For your feedback process to be effective, you need to deal with feedback – when you receive it.

Sounds like a lot of work?

It isn’t.

Every time we work with a new client, we find the same thing – responding to feedback is a net time-saver for them.

Why?

For starters:

  1. Effective feedback increases First Contact Resolution (FCR), meaning you’re wasting less time dealing with repeat calls
  2. Effective feedback is brilliant for training, and better-trained agents deliver better outcomes for customers more quickly
  3. Effective feedback can eliminate or reduce other QA initiatives which you’re currently spending time on
  4. Effective feedback reduces your complaint volume

Within reason, no business would walk away from a sale. A customer offering to spend more money would be immediately transferred to an agent on the ‘new business’ team.

But when it comes to retention, businesses are remarkably blasé about leaving cries for help in the form of customer feedback unanswered.

Which is wild when research shows that increasing retention 5% can increase profits by at least 25%.

5. What Happens Next?

Once you’ve got the three ‘legs’ of effective advisor feedback:

  1. Ask at the time that’s right for customers
  2. Ask customer-centric questions
  3. Respond appropriately

You’ll see customer satisfaction (and profit) start to rise.

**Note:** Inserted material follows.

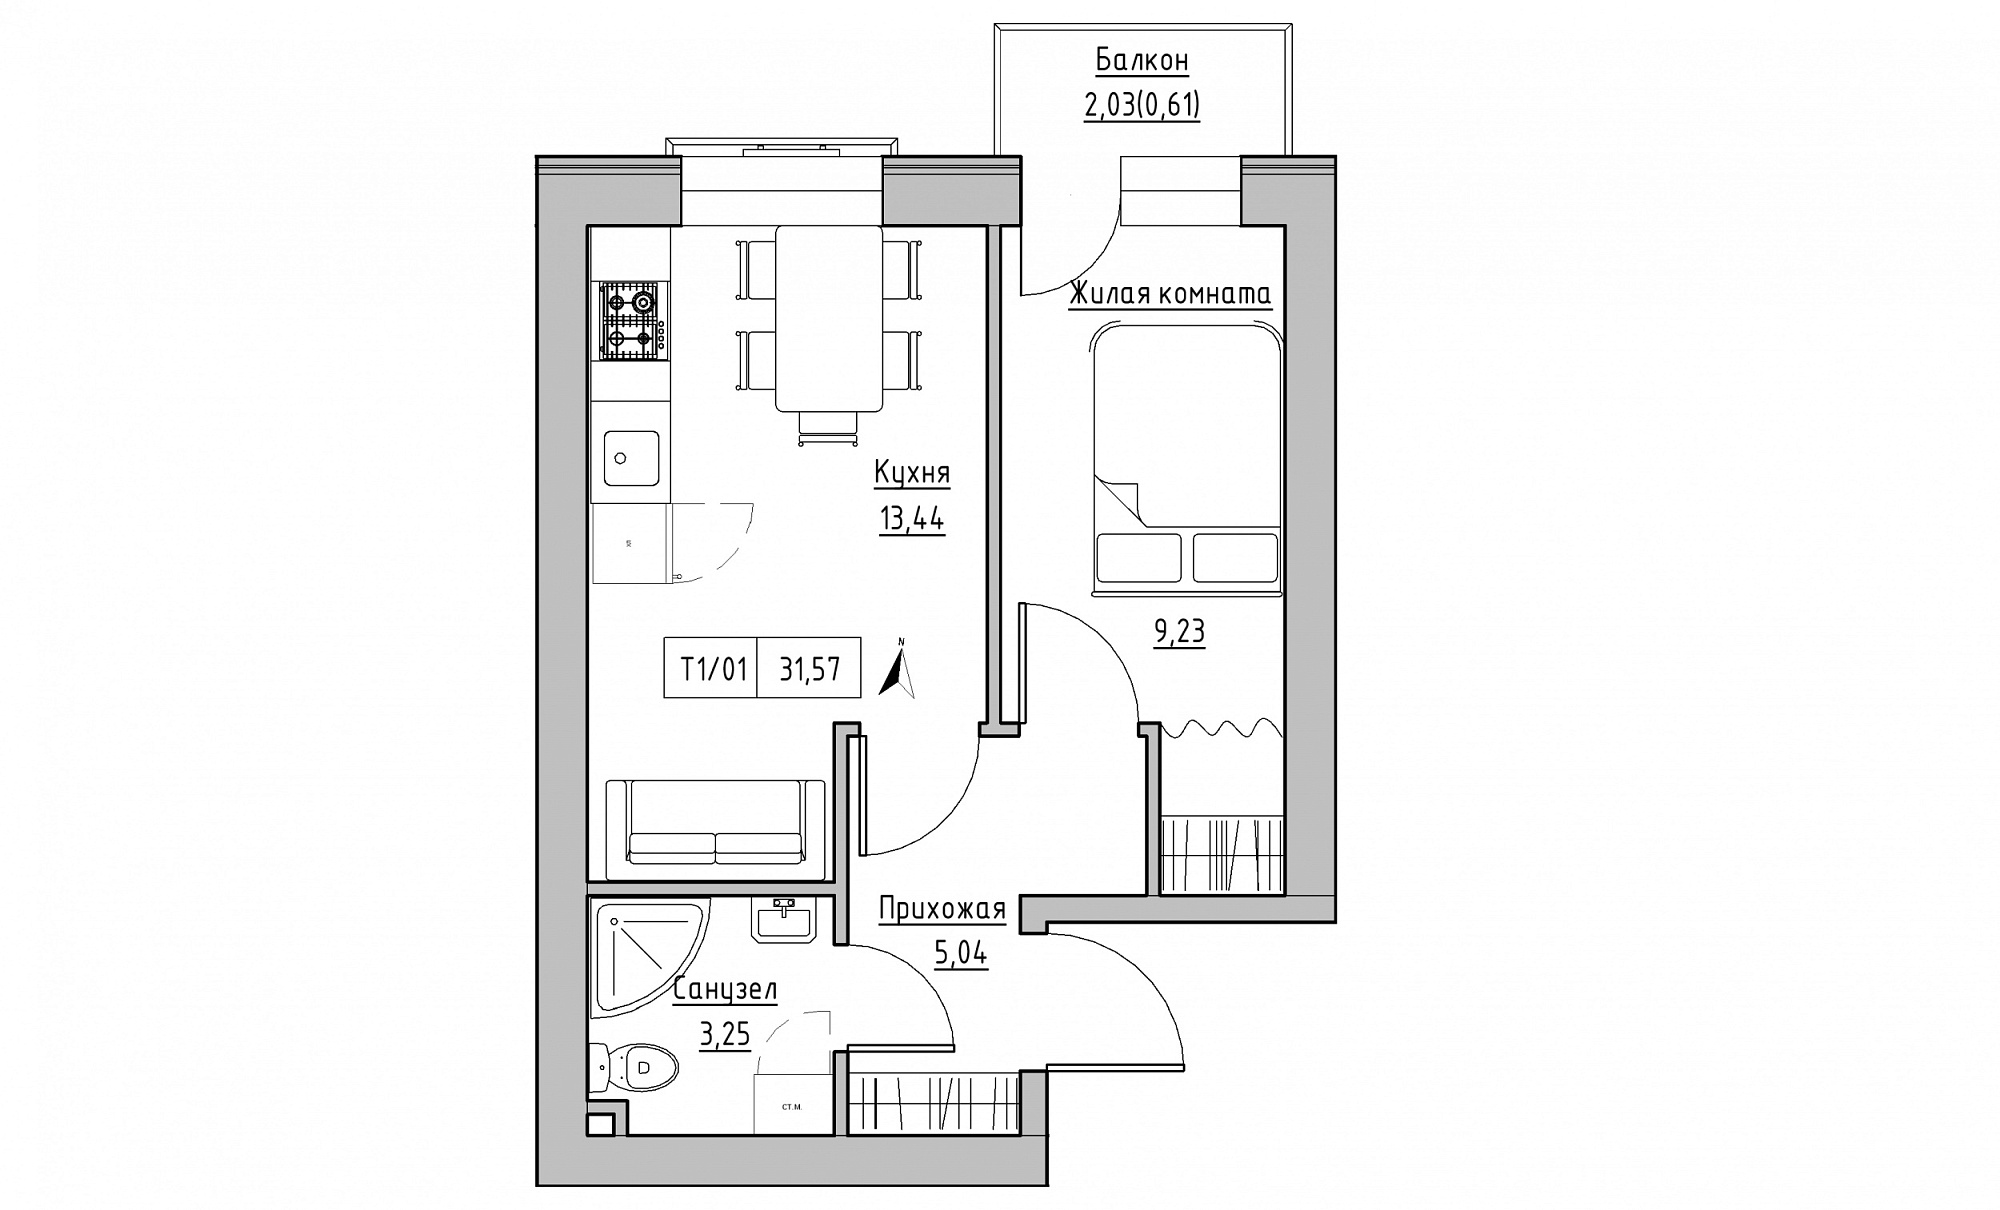 Планування 1-к квартира площею 31.57м2, KS-015-02/0013.

Which is the entire point.

But you’ll also be getting more and better feedback. It turns out that when you make your feedback process great for customers, more customers take advantage of it.

Our clients use the data they collect for staff training, for QA, and as an input to their process improvement teams.

Some use it to identify their ‘super-fans’, and approach them for testimonials, case studies and market research.

Some of our clients with external auditing requirements use their feedback to make their case to auditors that they’re doing right by their clients.

All this gets easier when it’s built on the shoulders of an effective feedback process.

Chris Stainthorpe

Finally, the best thing about getting feedback right is it’s really easy to experiment with to see if it works for you.

You don’t need to spend a fortune on software or consultants, or start a campaign to get the rest of your organisation on board. Pick some questions, pick a touchpoint, send out some simple surveys, and make sure you’ve given someone on your team the resources to deal with the feedback you receive.

Share your results, and pretty soon the rest of the business will be asking you the secret to your success.